Bittersweet Christmas
/I've spent much of advent preparing--but not preparing in the usual way. Instead, I've been preparing paperwork, mountains and mountains of papers that are supposed to somehow stand for my eldest son's childhood. You see, when you homeschool all the way through and when you believe that all of life is education, that transcript morphs into something much bigger than usual. College application requirements vary, but the big stickler is actually surprising. The NCAA Clearninghouse, that institution which allows barely literate public school graduates to play in college (I'm thinking of those oft-interviewed basketball players who are tall and strong and athletically gifted, but cannot answer a simple interviewer's question coherently), requires the following:
When we looked for clarification, explaining that we used few texts and many real books, they said to list them all. All. Every single one.

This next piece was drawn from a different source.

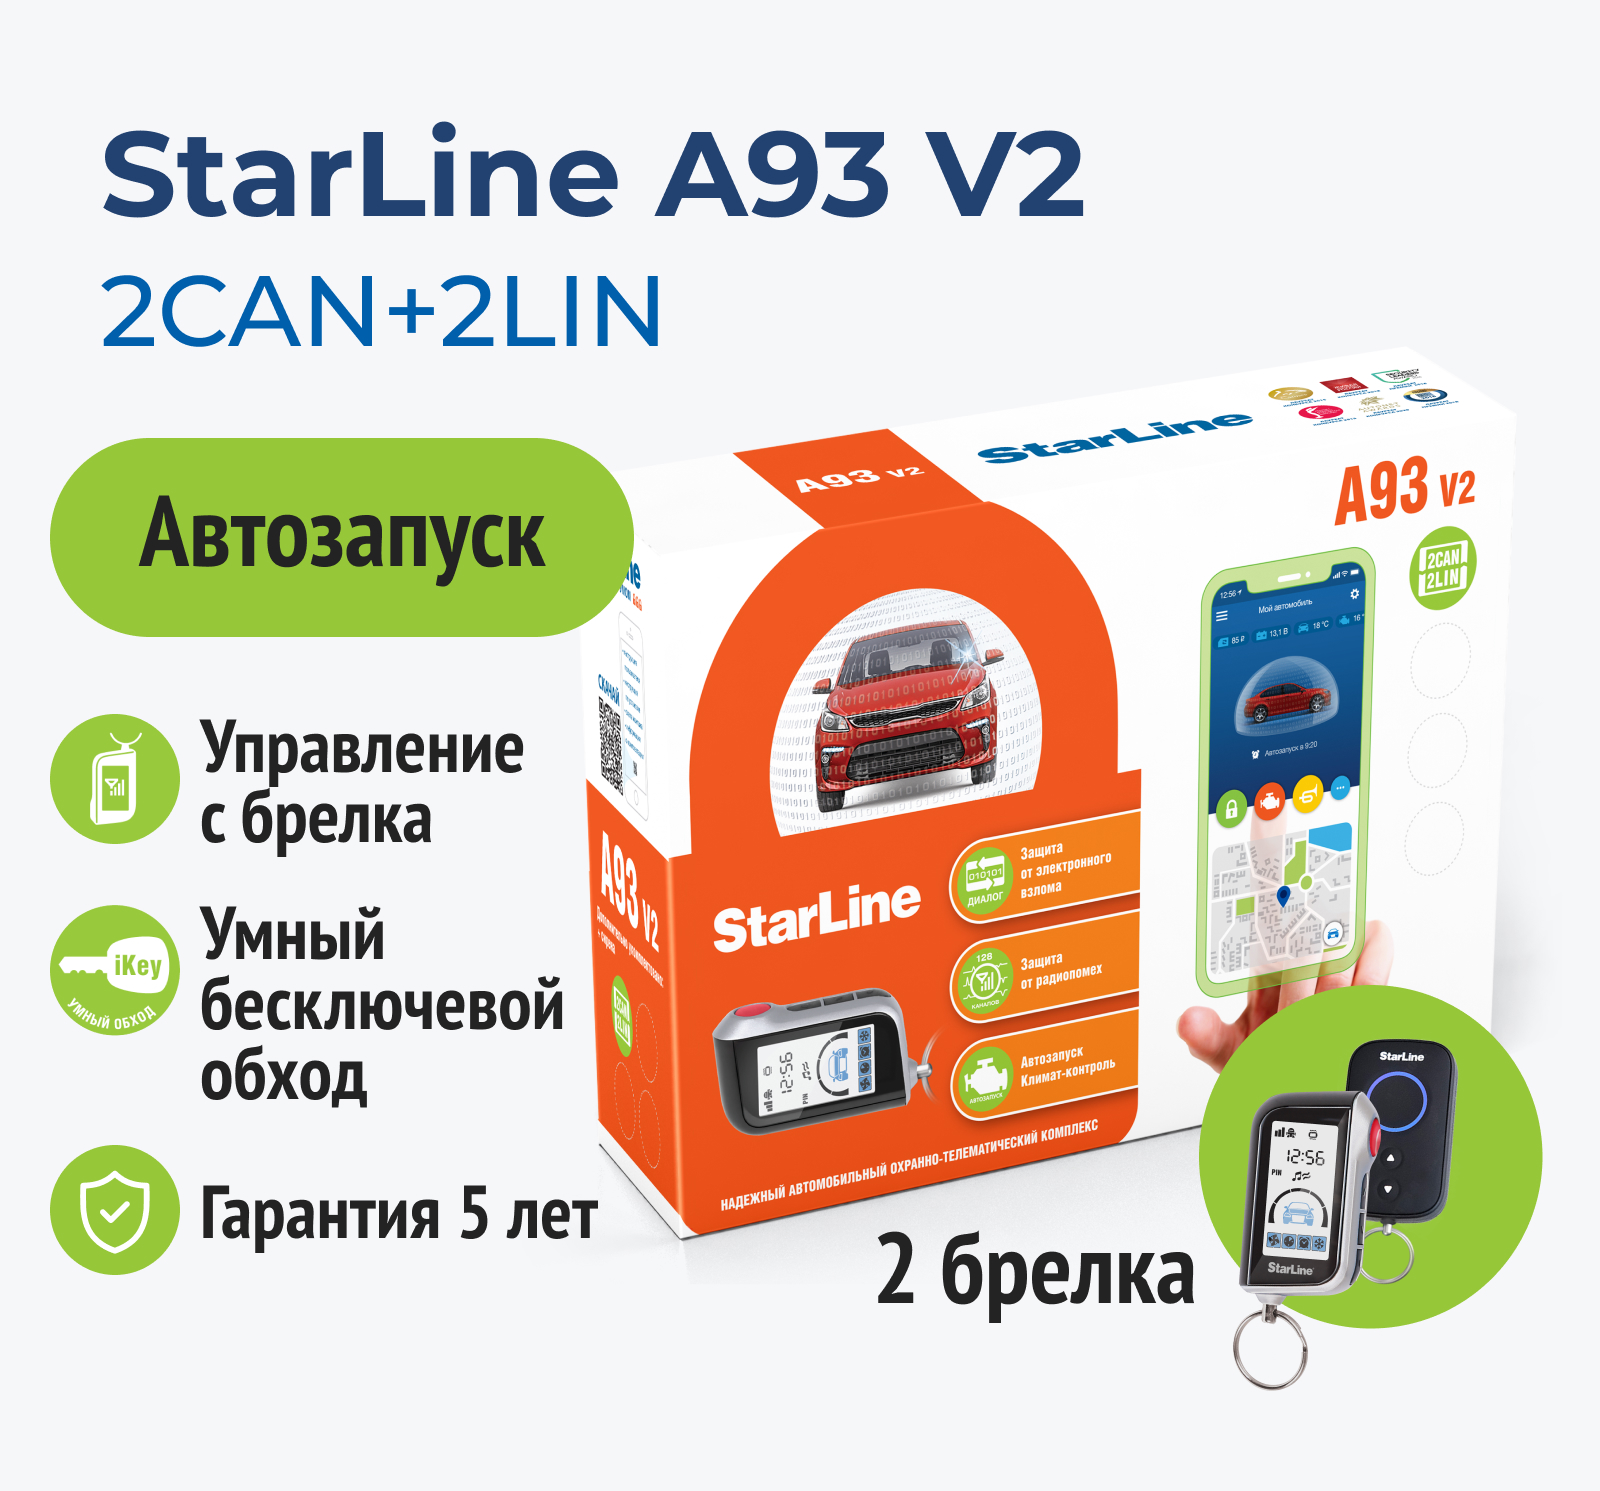 Starline 2can 2lin gsm. Старлайн а93 2can 2lin. STARLINE a93 v2 Eco. STARLINE a93 2can+2lin Eco. STARLINE a93 v2 2can+2lin GSM Eco.
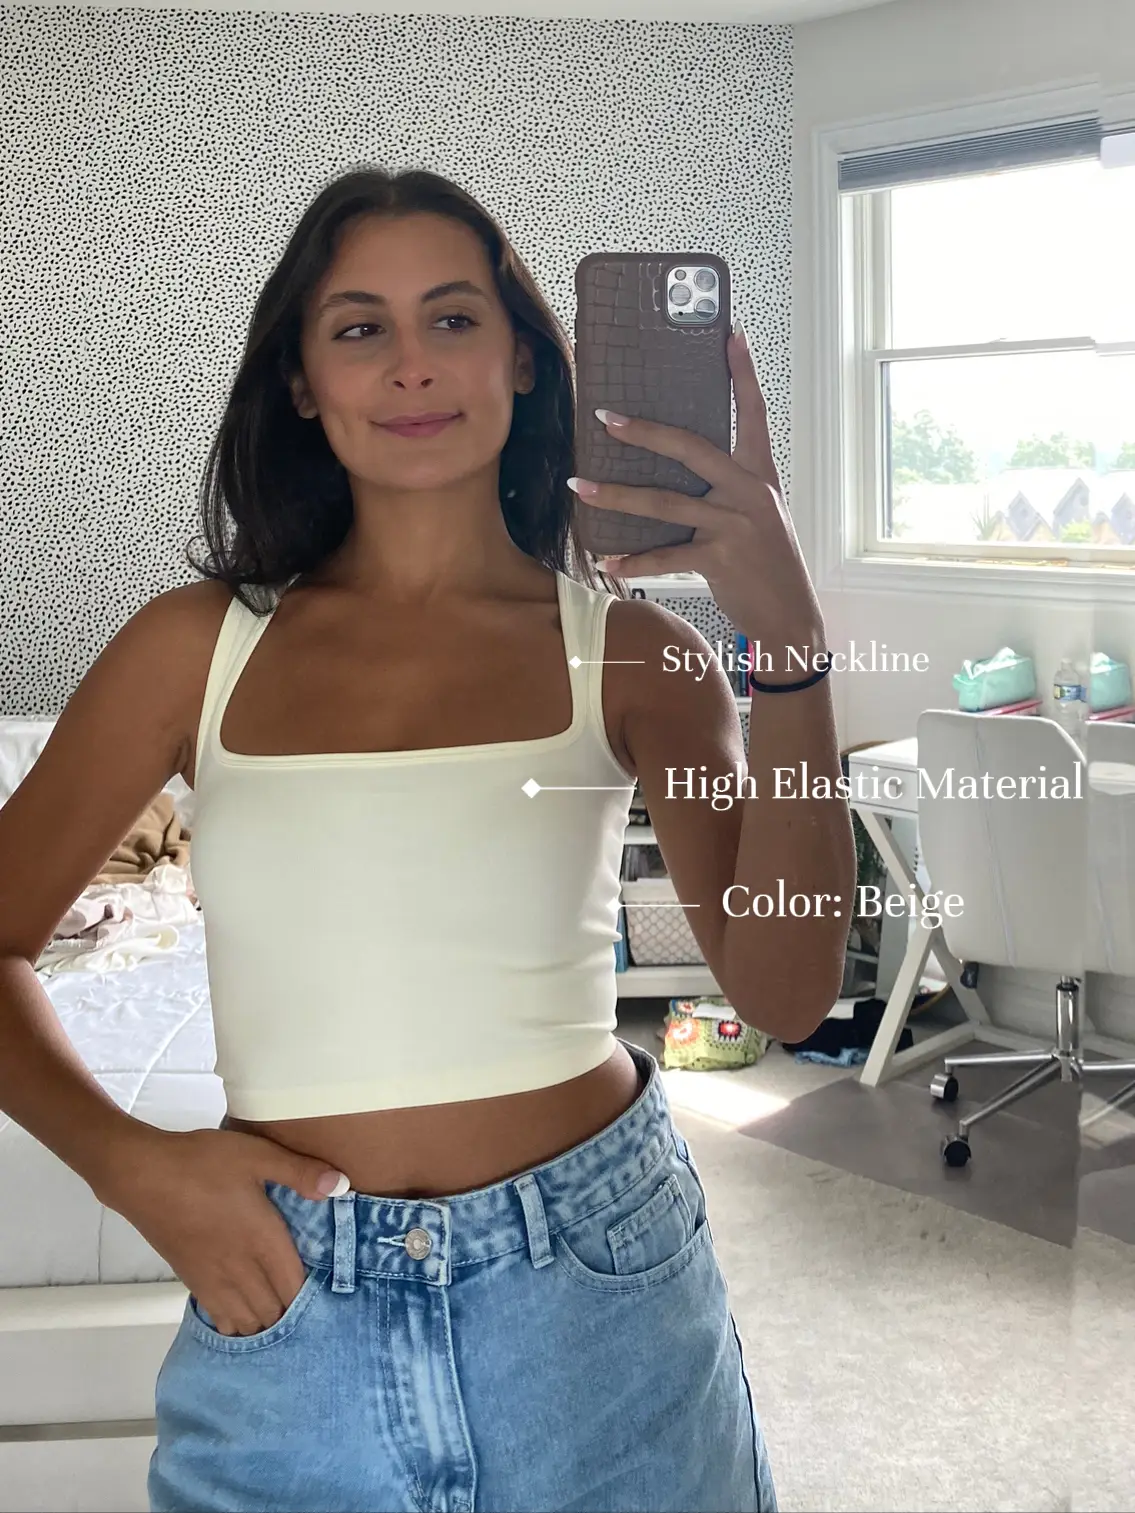 Commense Try-On Clothing Haul 🛍️, Gallery posted by BeingIsabella

So, we are knee deep in portfolio construction and Michael has really gotten his act together in this regard. I'm "just" tweaking and fine tuning and trying to remember everything we've ever read!
Then, there are the essays. The last few days, he's been reflecting on his education and writing essays that answer all the questions admissions deans might have about what he's been doing all his life. (Don't miss this one.) Yesterday, we settled into a familiar rhythm: Talk about it, write about it, edit together, go off and do something artistic, repeat the process, send it to Dad. After the first round, he went down to the craft table to clear his head and to do something he's been promising me for three years.
While I nursed the baby in my room, he crafted a nativity from Sculpey clay. I spent my time thinking and thinking about his latest essay, turning phrases in my mind and remembering the decisions that have brought us here. And I reflected on something I think might be unusual: this process, however stressful it might be for all of us, has not been the slightest bit ugly. Michael and I have spent day after emotional day together this fall, riding the rapids of the college soccer recruiting process and navigating the nightmare of the paperwork and we have not once argued. We've worked together in a familiar, mutually respectful rhythm. Whatever storms are raging around us, we are peaceful together.
Ironically, that makes it all so much harder. I know that very soon, scenes like this, now so very familiar and ordinary, will become memories. And, oh, how I will miss them!
I have a hunch I will never, ever be able to unpack this particular nativity set without feeling hot tears and a lump in my throat.